- Outfielder
- Born: August 25, 1942 (age 83) Worcester, Massachusetts, U.S.
- Batted: RightThrew: Right

MLB debut
- September 9, 1966, for the New York Mets

Last MLB appearance
- October 2, 1966, for the New York Mets

MLB statistics
- Batting average: .154
- Runs batted in: 0
- Runs scored: 2
- Stats at Baseball Reference

Teams
- New York Mets (1966);

= Shaun Fitzmaurice =

American baseball player (born 1942)

Shaun Earle Fitzmaurice (born August 25, 1942) is an American former professional baseball outfielder. He played in Major League Baseball (MLB) for the New York Mets in 1966.

==Biography==
Fitzmaurice graduated from Wellesley High School in Wellesley, Massachusetts. He hit an inside-the-park home run in a high school All-Star baseball game at Yankee Stadium in 1961. He then played college baseball for the Notre Dame Fighting Irish. He represented the United States in baseball at the 1964 Summer Olympics as a demonstration sport in Tokyo.
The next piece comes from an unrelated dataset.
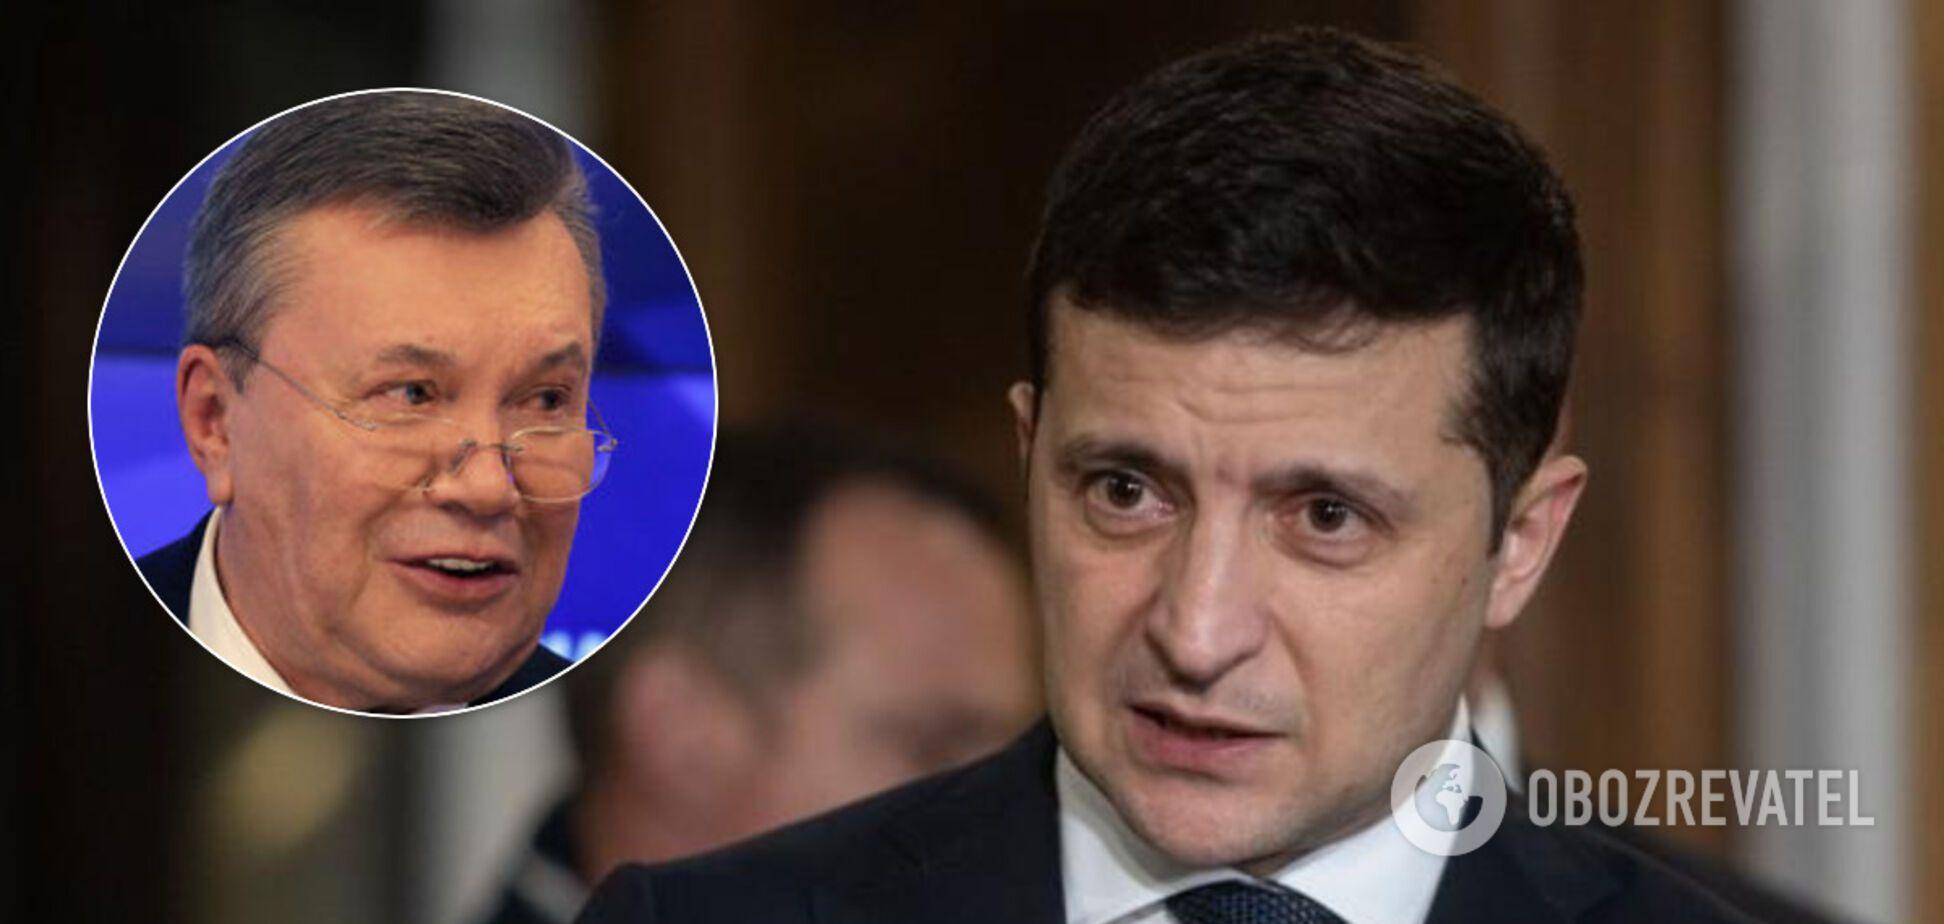 Як Янукович із Пшонкою: Трепак назвав велику помилку Зеленського

Fitzmaurice's professional career spanned 1964 to 1973; he played for farm teams of the New York Mets, Pittsburgh Pirates, New York Yankees, and Atlanta Braves. His only MLB appearances came with the Mets in 1966; in nine games as a September call-up, he had two singles in 13 at-bats and scored two runs. He had his first MLB hit in his first start on September 28. In the minor leagues, he played in over 800 games, primarily at the Triple-A level.